The Art of Worldly Wisdom by Baltasar Gracián is littered with wonderful turns of phrase in the 300 maxims, but the 35th one contains a particular favourite that is applicable in many eras and spheres. To "make much of what matters little and little of much" is often a favourite ploy of some members of the English media to meet word counts and garner some attention for deficient analysis.

One day it's an investigative piece on the foul and wicked arts of statistical analysis, exposing shady warlocks who insidiously spread the message of stats while undermining stout and noble British managers. The next it's a rallying cry against the injustice of a foreign manager receiving time and support after two games that a British manager never got a couple of months into his fourth season. These are trying times for purveyors of the fine word and appropriate quote as they're not being understood by overtly sensitive and myopic fans.

It was over a month ago when this column looked into whether Brendan Rodgersredemption had project gone astray. It had and resulted in the end of the Rodgers era. Liverpool were entering a tough run of league fixtures where it looked that Merseyside's finest could get hurt at home or away. A superior manager is now in charge, but the league schedule and an unbalanced squad hasn't changed. Rubin Kazan may be a mediocre Russian Premier League side on current standings but finished fifth last season. Liverpool's next league opponents appear to have all the managerial, tactical, and playing threat of middling cannon fodder but are the reigning English Premier League champions.

A draw away to a side that finished fifth in the league and outran every opponent, a draw at home last season's seventh-placed side that is currently unbeaten away from home, a trip to the reigning league champions that Liverpool haven't beaten in any competition for over three years, a home fixture against a Crystal Palace side that have been extremely difficult opponents over the past two seasons, and a trip to Manchester City. Good people of the virtual room, witness Jürgen Klopp's introduction to Premier League football in his first five fixtures as Liverpool manager.
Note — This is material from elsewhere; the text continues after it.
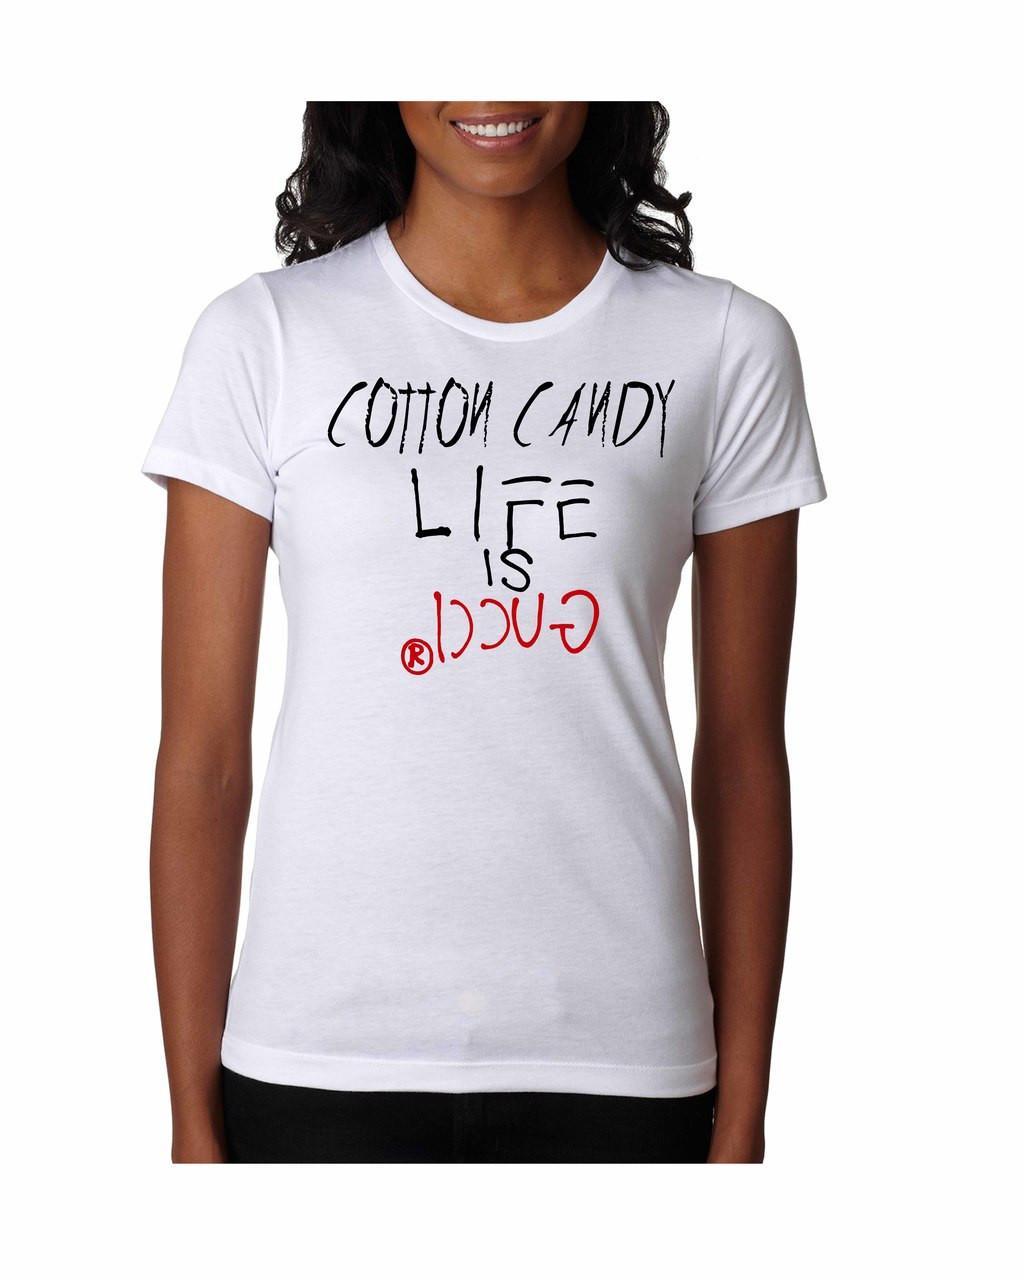 ea466d0882fe Cotton Candy Life is Gucci Girl Tshirt Ladies Tshirt. Price   19.00. Image 1

That schedule would is the same for any manager, of course, but Liverpool have one of the Europe's finest operators in charge. Much needs to improve and will surely do so in time. Klopp's side already presses and runs more by design. The hope and promise of loftier displays over 90 minutes may stir some frustration and disappointment, which is understandable. However, that should not be the cause of despairing words and despondent attitudes so early in what should be exciting times for Liverpool fans.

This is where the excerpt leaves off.